Деревья показались мне чересчур знакомыми. Я подхожу к окну и мне открывается прекрасный вид на сад, напротив меня стоит огромный дуб. Моя рука самовольно поднимается, держа в руках рисунок, наравне с деревом. Точь-в-точь. Тут я замечаю обрубленные концы. Это тот самый листок из дневника. Я переворачиваю рисунок и читаю надпись: «Память о погибшей любви».

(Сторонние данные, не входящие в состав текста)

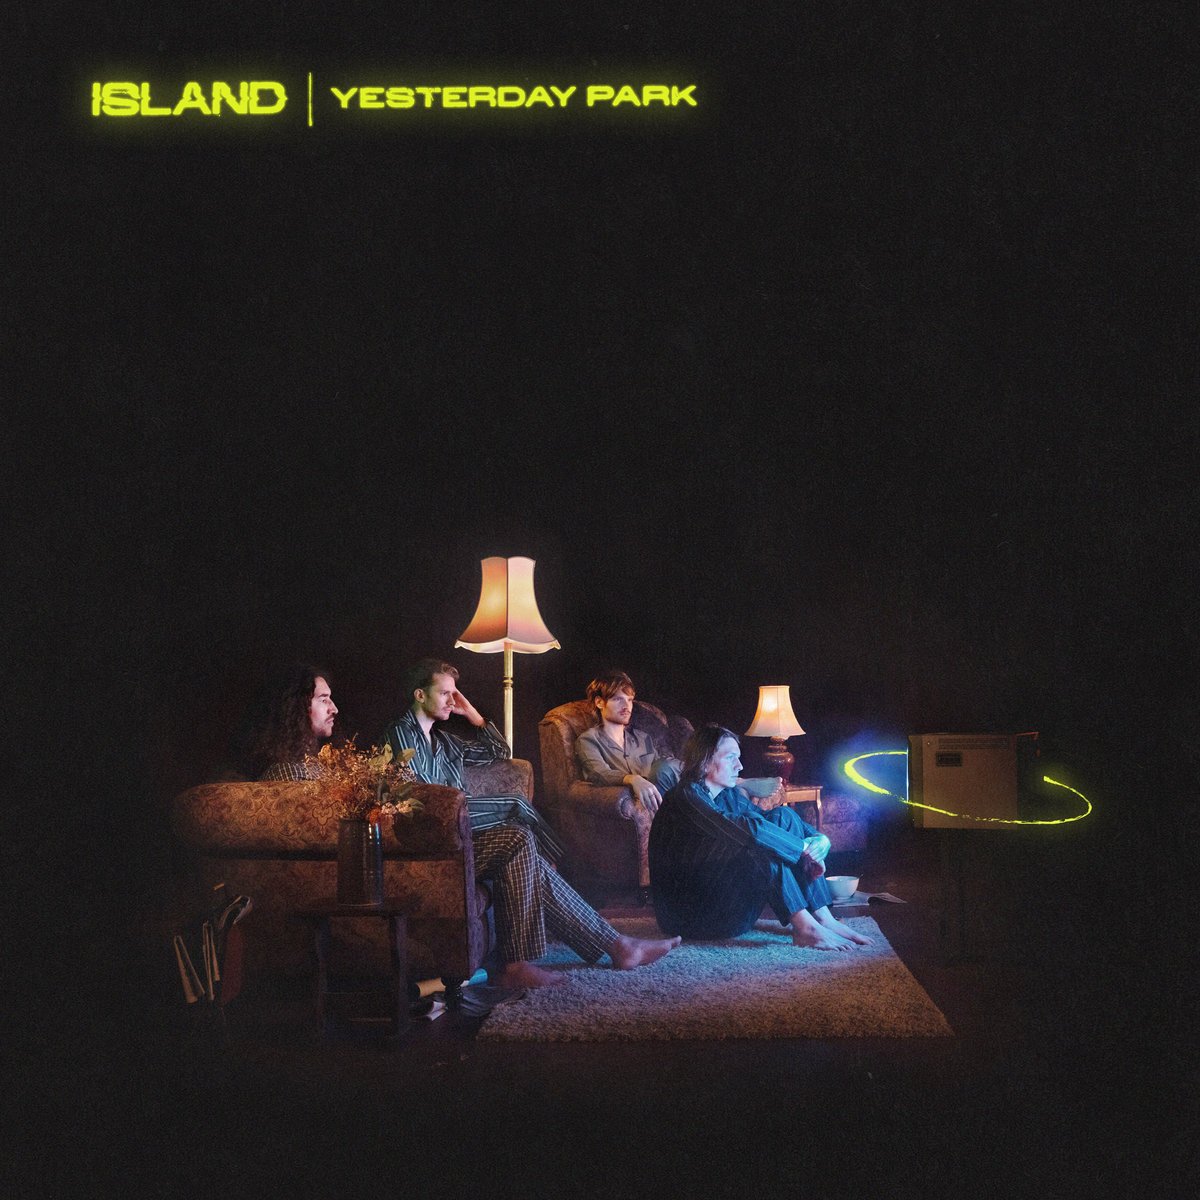 ISLAND – Yesterday Park

Вот он, эпилог. Память о том, что он ее любит, что она не просто человек, который отдал свою жизнь ради него. Это его монумент в ее честь. И пусть она никогда не увидит.
– Что ты здесь делаешь? – Слышу угрожающий голос подле меня. От него я вздрагиваю, как трусливый заяц от выстрела ружья. Собираюсь с мыслями, но они не хотят выстраиваться в правильный порядок.
– Хочу помочь, - первое, что вырывается из моих уст, когда я поворачиваюсь в его сторону. Его грозный взгляд прожигает меня, но я не дрогну. Я выполню свою клятву.
– Откуда у тебя это?
Я смотрю на свою правую руку, где зажат дневник, а потом на отца. Он в растерянности. Постепенно его глаза наливаются яростью. Мне влетит, это однозначно, поэтому я должна сказать первая, возможно, только это меня спасет.